### Try it
The full listing is to be returned exactly as given, but without pictures.

### Raw data
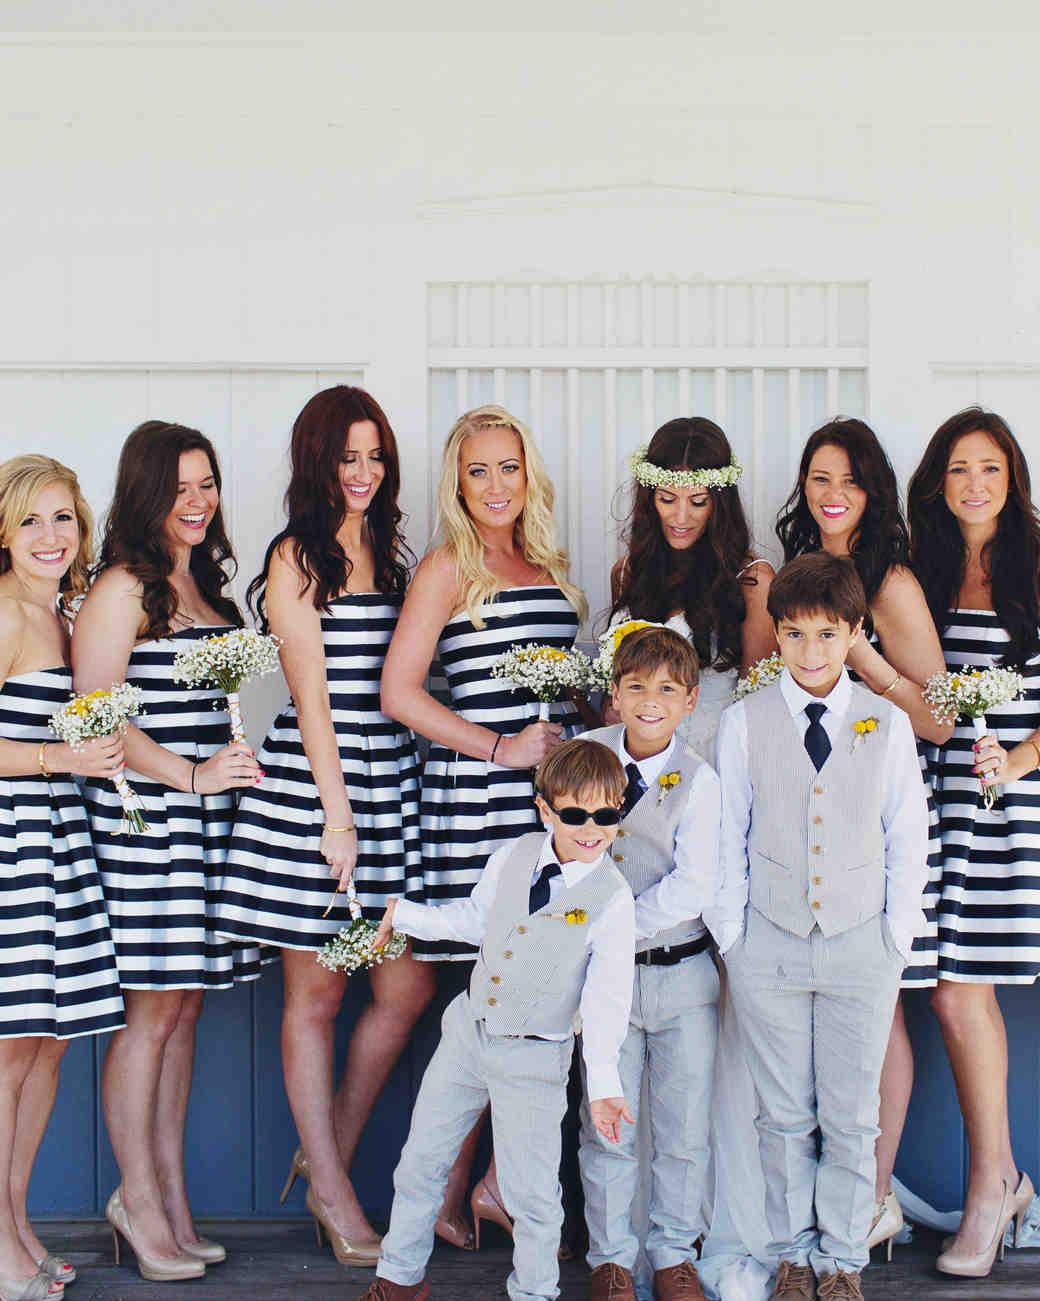 casey-ross-wedding-bridalparty-367-s111514-1114.jpg
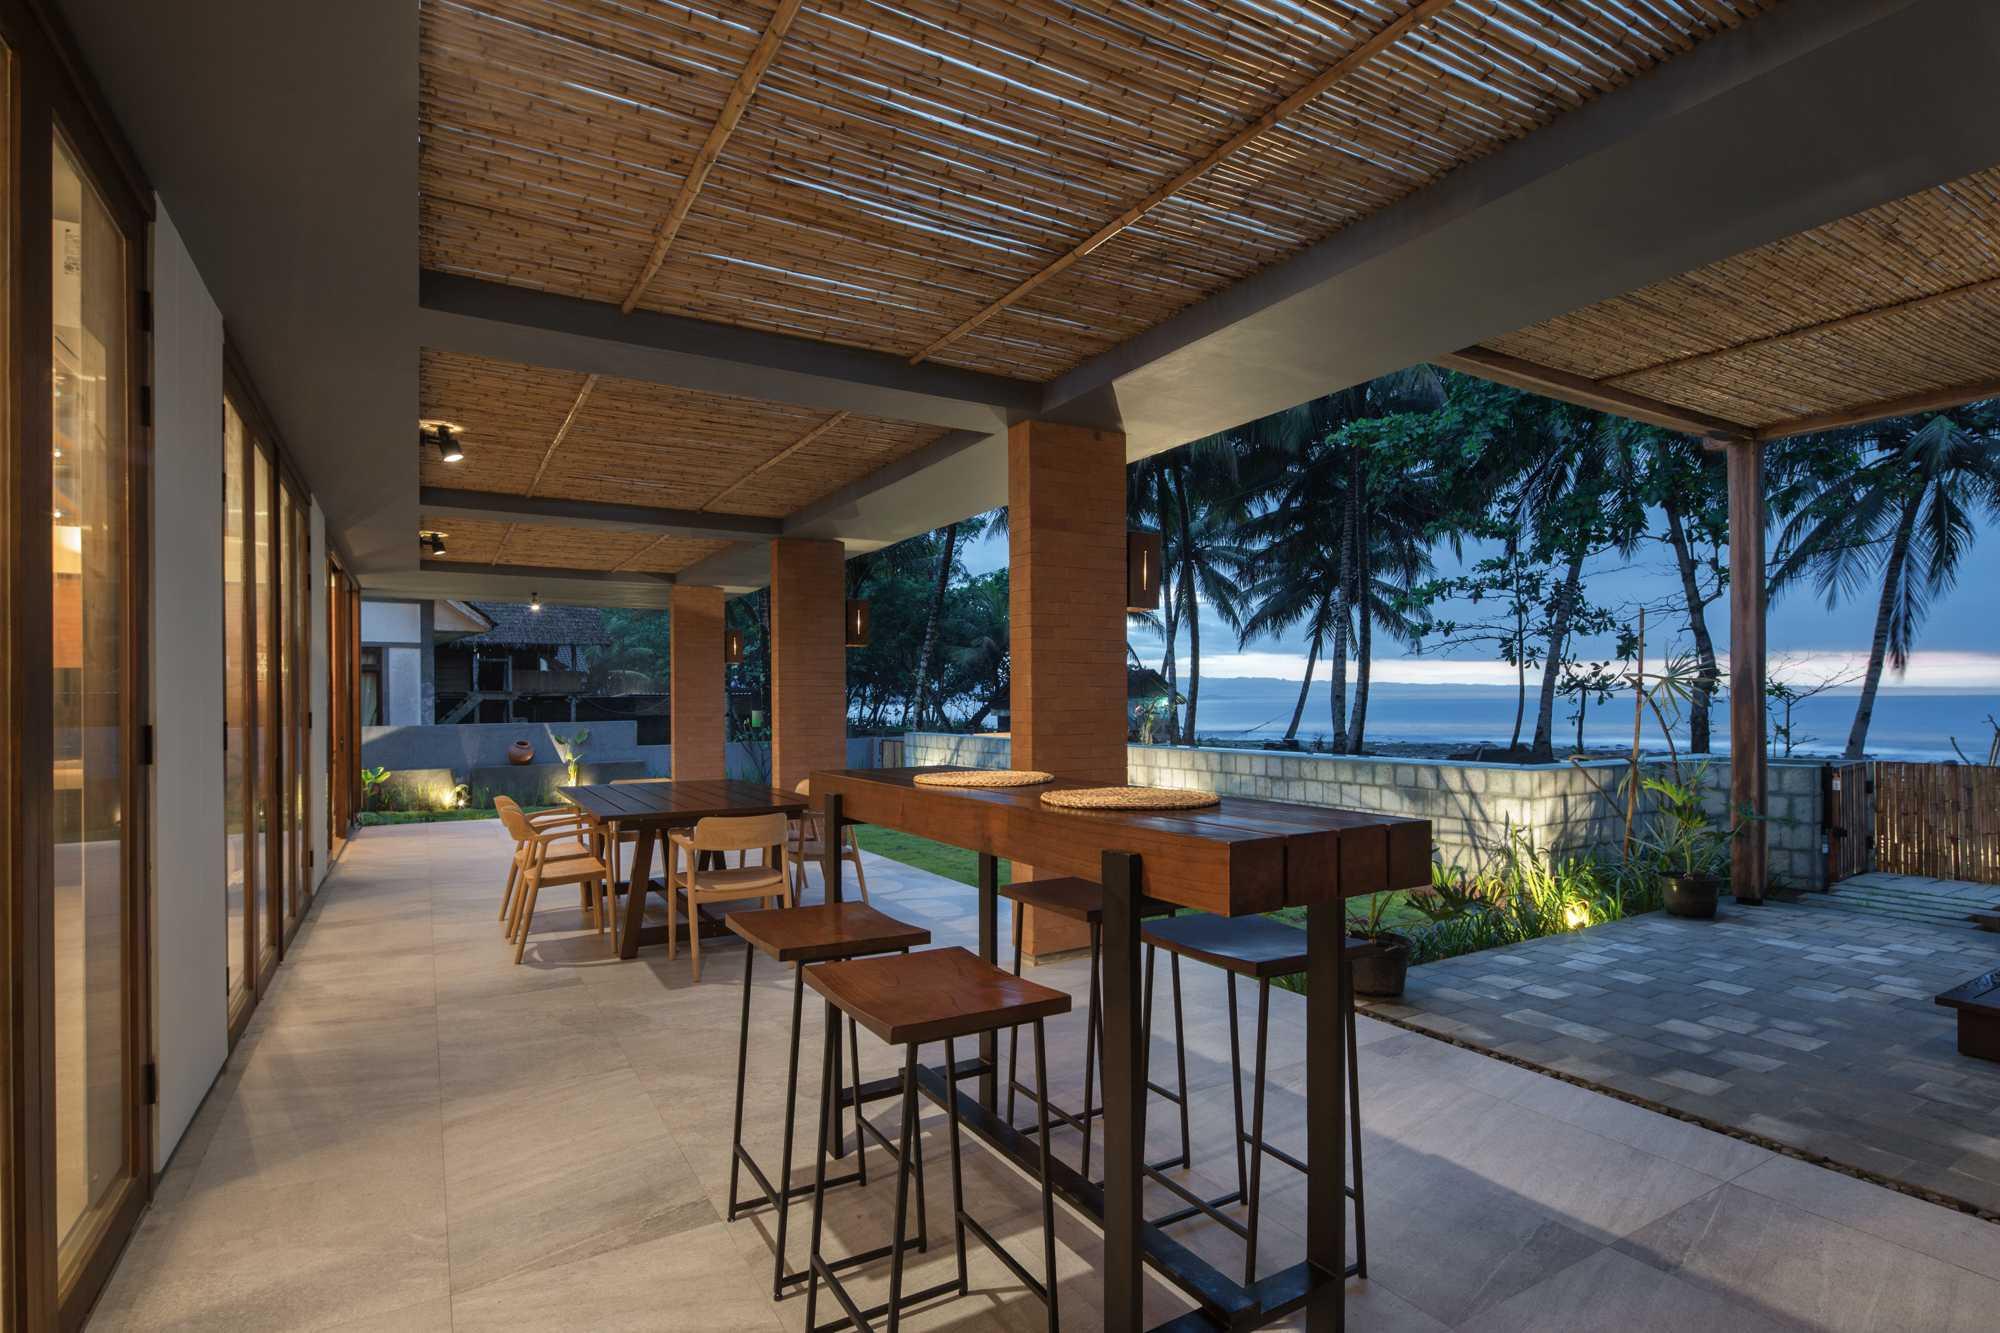 Erwin Kusuma Batu Karas Villa Batukaras Beach, West Java, Indonesia Batukaras Beach, West Java, Indonesia Erwin-Kusuma-Batu-Karas-Villa   64723
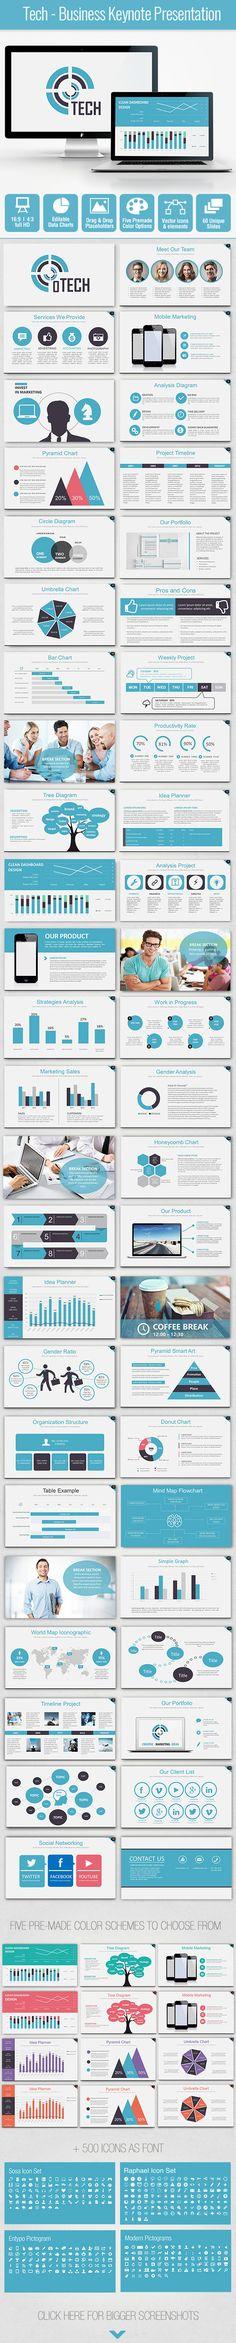 Tech - Business Keynote Presentation Template #slides #design Download: http://graphicriver.net/item/tech-business-keynote-presentation/13461600?ref=ksioks
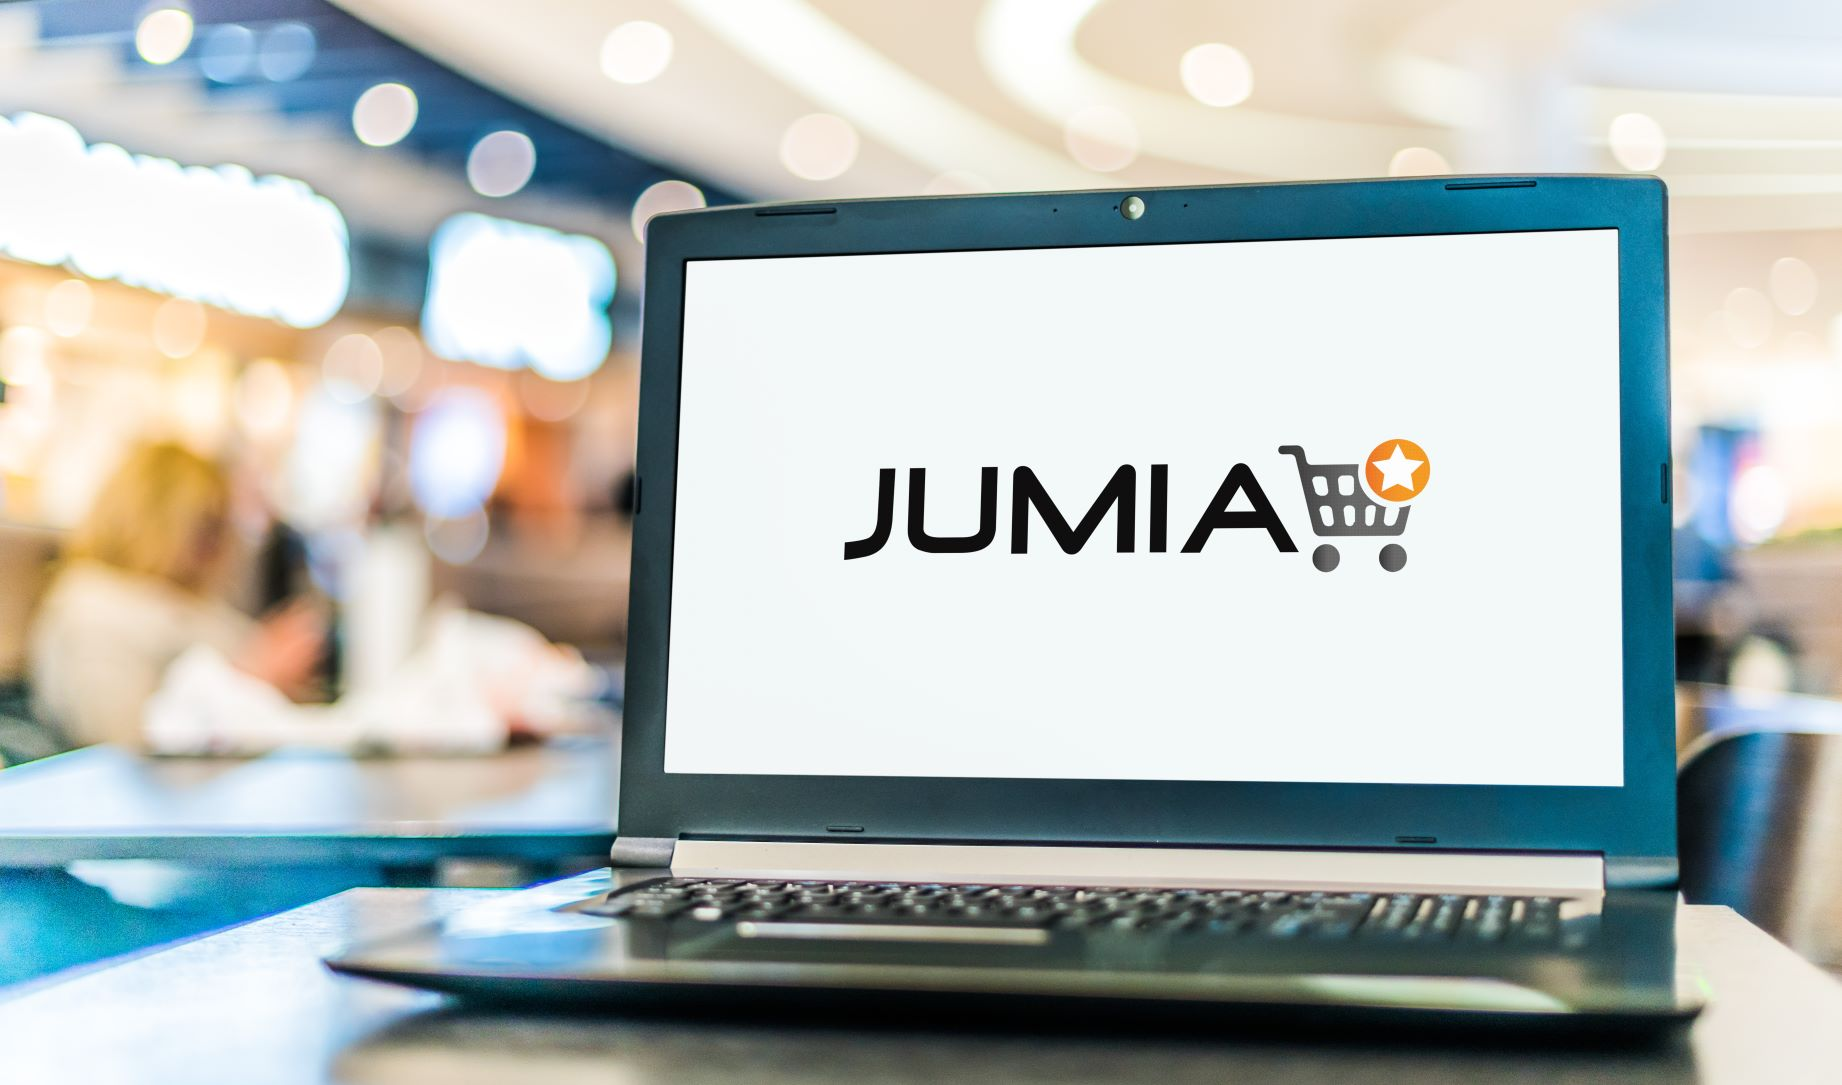 Jumia: Q2 results should signal GMV surge; Buy

### Written answer
 casey-ross-wedding-bridalparty-367-s111514-1114.jpg
 Erwin Kusuma Batu Karas Villa Batukaras Beach, West Java, Indonesia Batukaras Beach, West Java, Indonesia Erwin-Kusuma-Batu-Karas-Villa   64723
 Tech - Business Keynote Presentation Template #slides #design Download: http://graphicriver.net/item/tech-business-keynote-presentation/13461600?ref=ksioks
 Jumia: Q2 results should signal GMV surge; Buy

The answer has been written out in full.